DAVID FROST: How many Al Qaeda sleepers would there be here in the UK?

JANE CORBIN: I think we have to believe that there are dozens if not hundreds. I know that our security services here are very concerned. I think that they stay pretty low profile here. At the moment Al Qaeda's strategy seems to be, obviously they want to hit soft targets, we know this from Bali, we've seen it now in Mombassa but I think that they're also going for countries which they feel are poorest, poorest borders, difficult for the West to police, like Indonesia we've seen in the last few weeks of Bali, like East Africa. But that doesn't mean that they haven't got people here hidden away deep down with an eye to the main chance. I mean it's all about opportunism with Al Qaeda, where they can they will strike so we have to look at the foreign situation, we also have to look at the situation here in England.

DAVID FROST: Well that's a perfect cue to go to Lord Carlile who's joining us now from Burnley as predicted. Alex good morning.

Lord Carlile
Lord Carlile
ALEX CARLILE: Good morning David how are you?

DAVID FROST: Very well indeed. In terms of the dangers in this country the first of your reports, you say that small airfields are the real centre of danger and, and also flight crews getting smaller security checks than normal passengers?

ALEX CARLILE: Yes I prepare an independent report for the Home Secretary which is published as a parliamentary paper and in order to do that I meet a great many people. Now there's a huge effort going into the protection of the public from terrorism by the police, an excellent group of civil servants, ministers and so on. But of course we have a huge coast and a lot of flights, including many private flights into the United Kingdom, and that was described to me by police officers as a problem.

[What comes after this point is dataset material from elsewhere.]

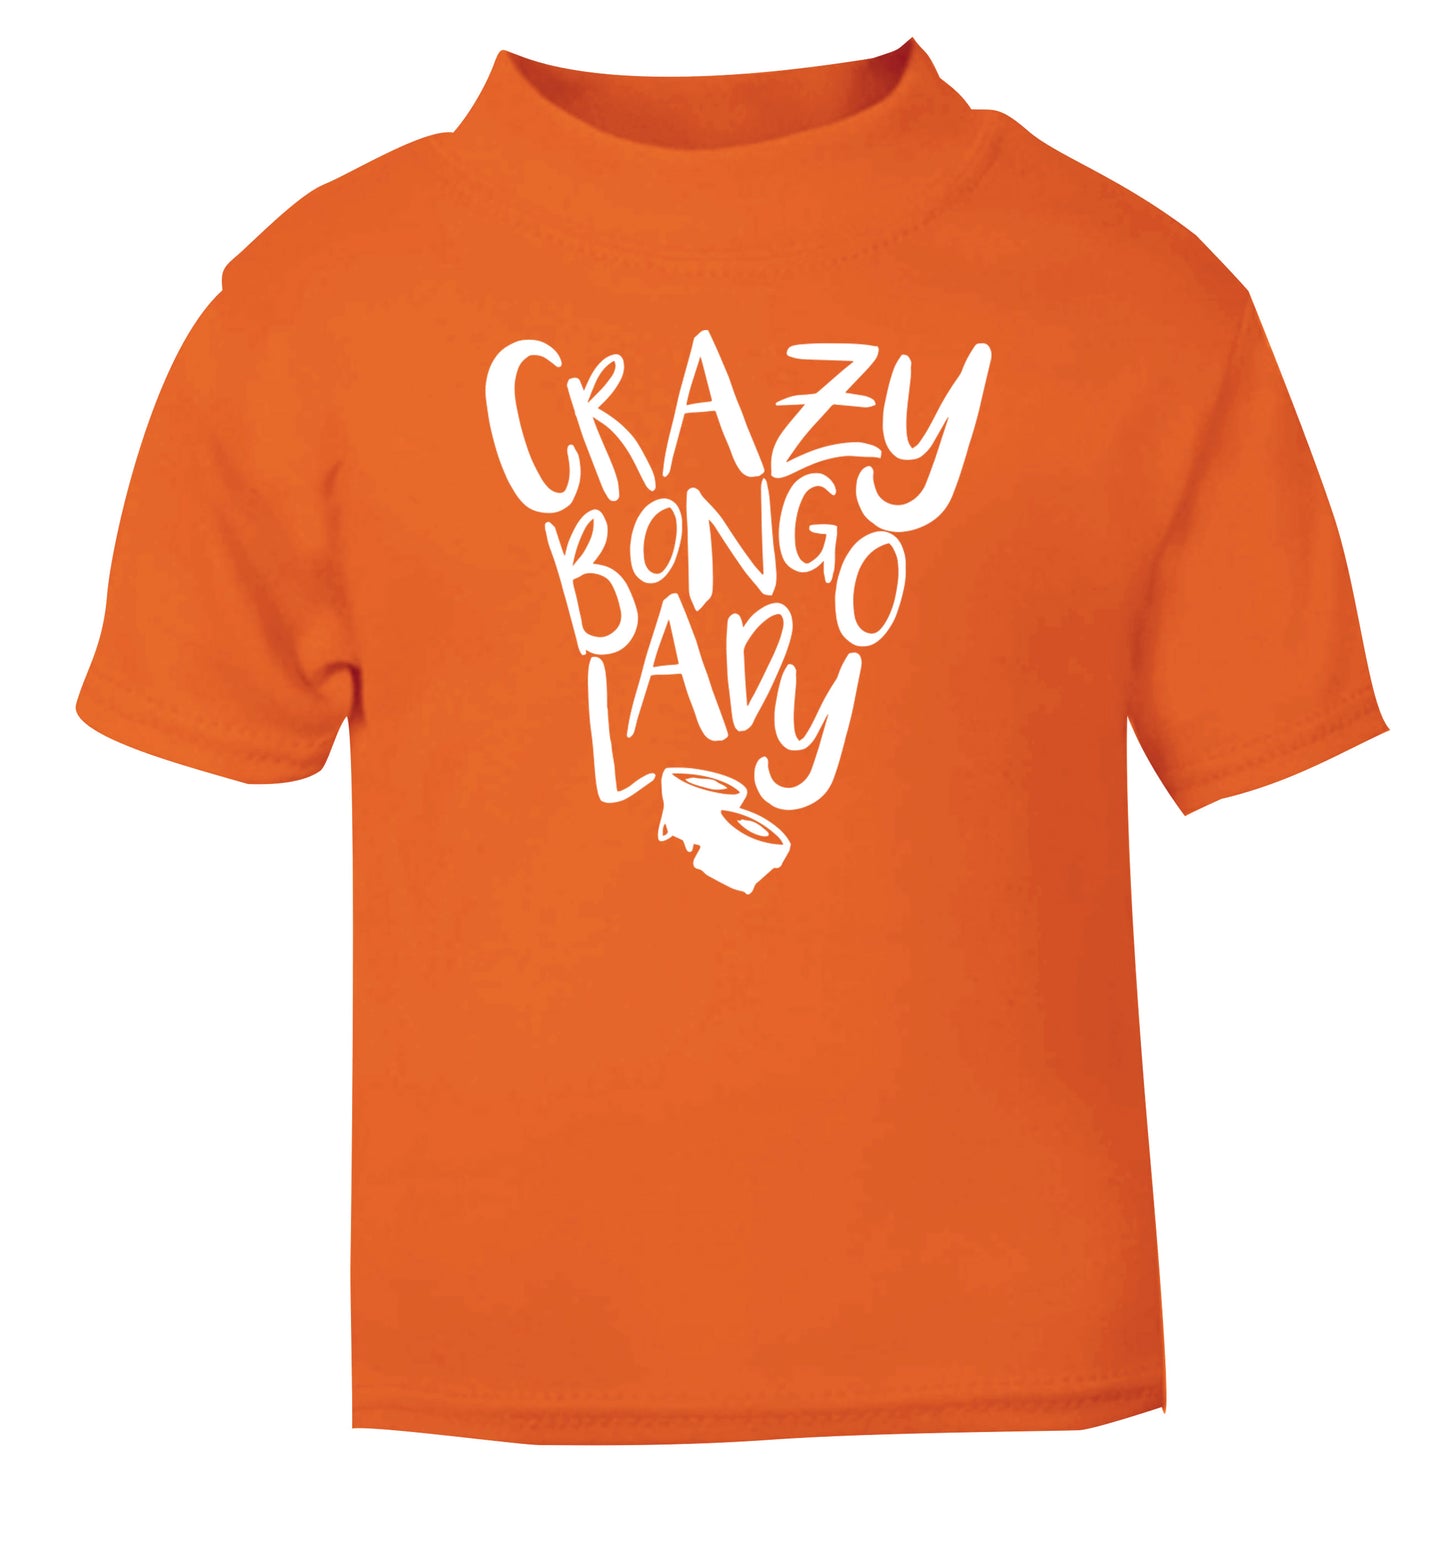 Crazy bongo lady orange Baby Toddler Tshirt 2 Years

I think the recommendation I have made to the government is reasonably clear, I'm suggesting that the expertise perhaps should be concentrated more into a larger group of police officers, but in the end it's a matter for the vigilance of the public, our private pilots who have a great deal of knowledge, farmers who may have airstrips and all of us to be very vigilant about suspicious activity.

DAVID FROST: And in terms of, you say a frontier, a frontier force as it were, not frontier quite in the western sense of the word, but a national frontier force would be a way of uniting 43 different...

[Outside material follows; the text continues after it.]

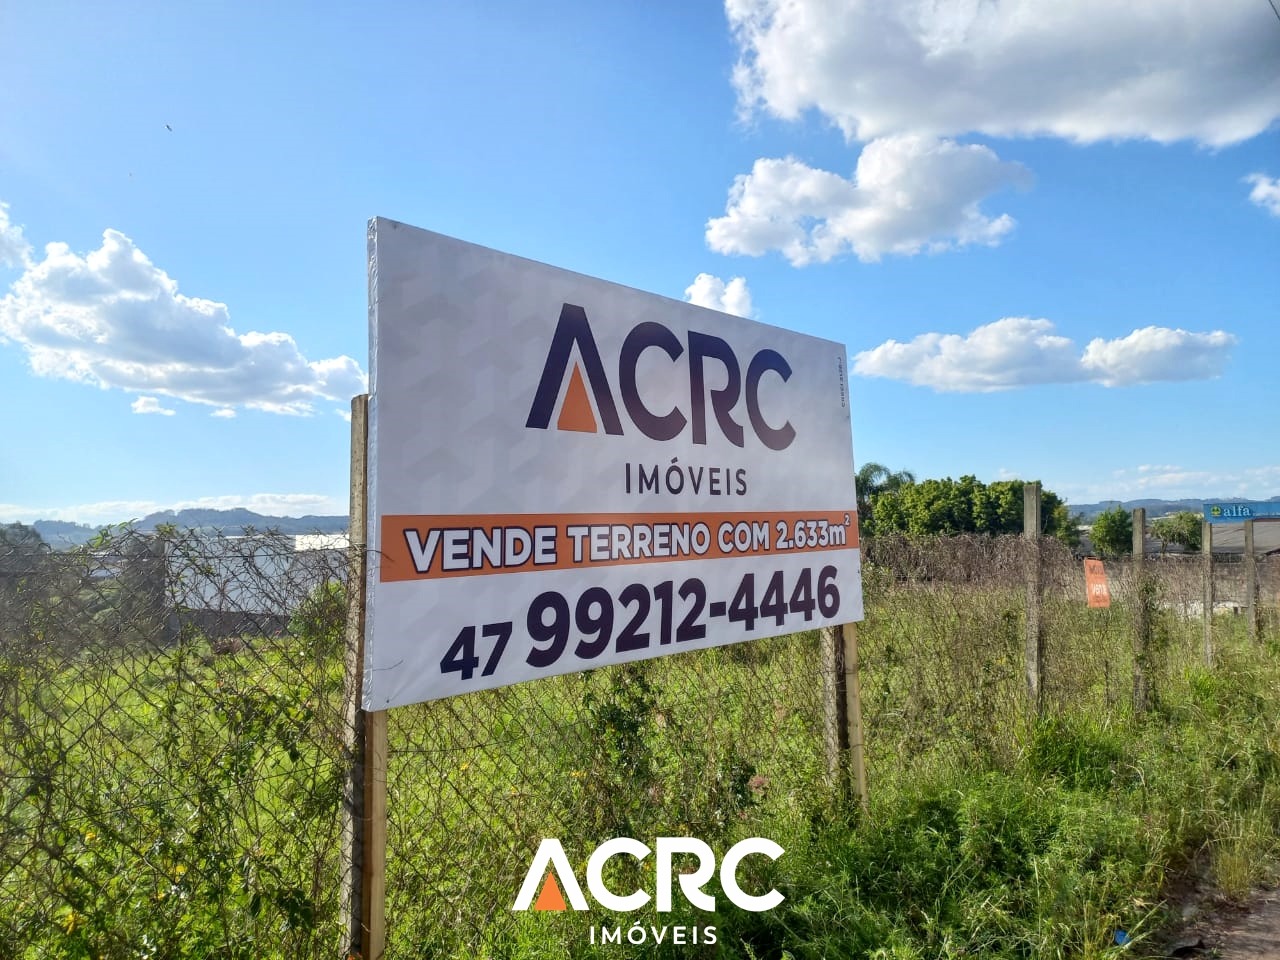 ACRC Imóveis - Terreno à venda em Chapecó/SC
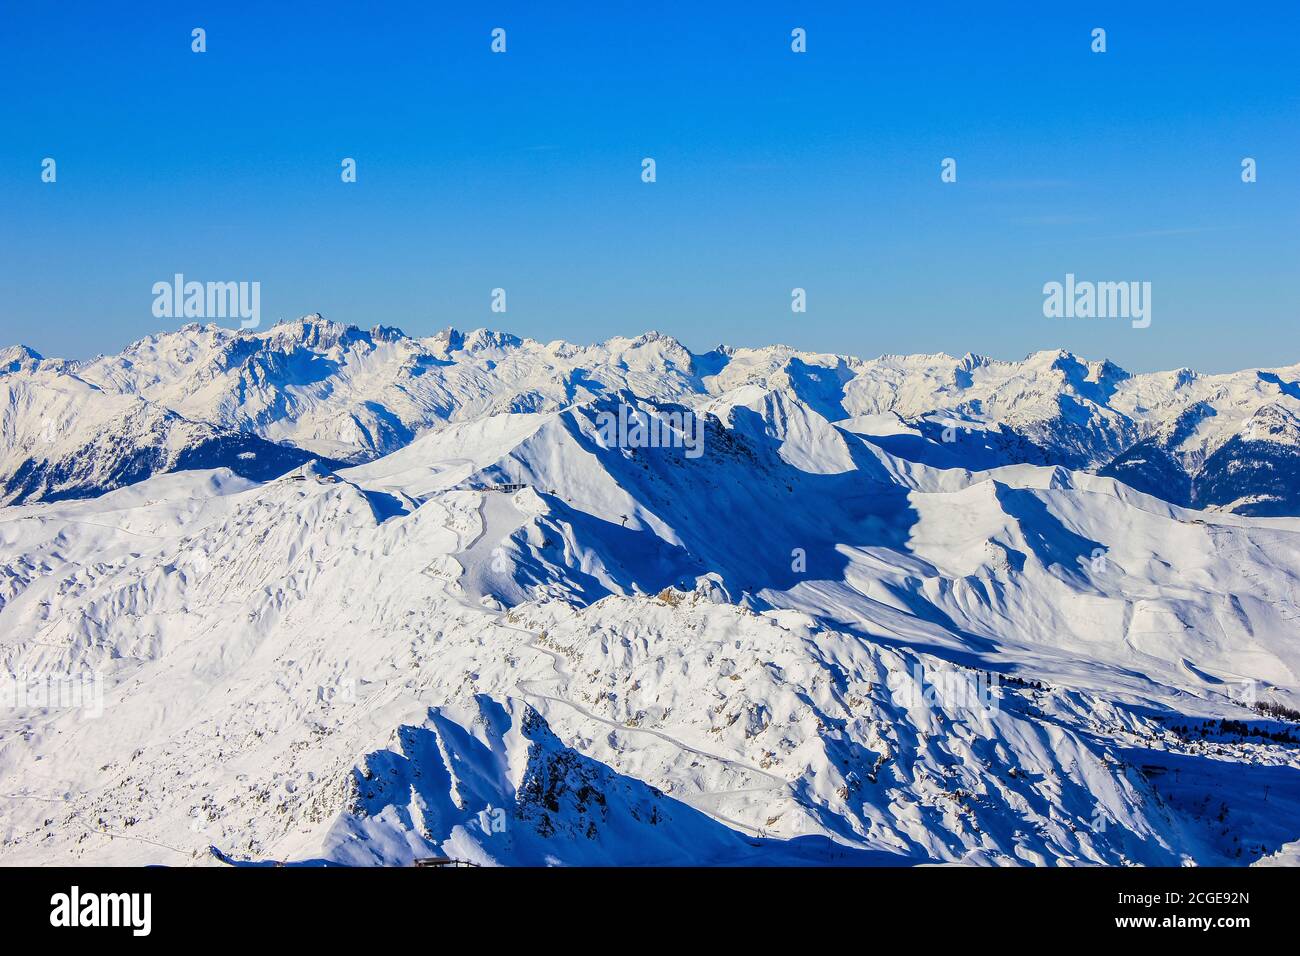 Vue sur le domaine skiable de la Plagne, Alpes françaises Banque D'Images

ALEX CARLILE: What we have a moment is something like 1200 police officers who are coordinated in the Home Office by a very senior police officer. But those 1200 police officers come from regional forces. I haven't made a recommendation for it because it isn't for me to make one but there should be a single borders police force. What I've suggested is that Mr Blunkett might look at the question of whether borders policing might be more effective if there was more central control of it by a chief constable responsible for all those officers or something like a single ports and borders police force and the Home Secretary has responded very positively and I know will be looking at these issues to decide what is most efficient operationally. It's not for me to judge but I think it's important to ask these questions so that we're sure that we're protecting our citizens as best we can from, I'm afraid the ever-present threat of terrorism which is liable to strike at unpredictable and soft targets as was the case in Bali.

DAVID FROST: And in terms of the overall, will you say we're in good shape at the moment or we're not in good shape at the moment, or we haven't done enough?

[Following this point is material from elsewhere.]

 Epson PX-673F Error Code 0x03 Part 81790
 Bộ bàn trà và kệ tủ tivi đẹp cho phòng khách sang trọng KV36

ALEX CARLILE: Well I think we're in good shape, I think people can be confident but there is no country in the world that has taken more effective steps to protect the public from terrorism than the United Kingdom. The police are very experienced in this and there's some excellent officers around and I would like particularly to praise the civil servants and the Home Office who are the real experts I think in the world on these issues. But that's not to say that we can't do more and my concern in preparing my report as independent reviewer of the terrorism act is to ensure that no stone is left unturned, thus when a police officer said to me that small airfields are the soft underbelly of policing against terrorism in this country it was of course my duty to draw that remark to the attention of the Home Secretary and the public, particularly as it seemed to me to be justified. That is an area in which I think we could focus more of our energies and in the end I suspect it's a manpower problem.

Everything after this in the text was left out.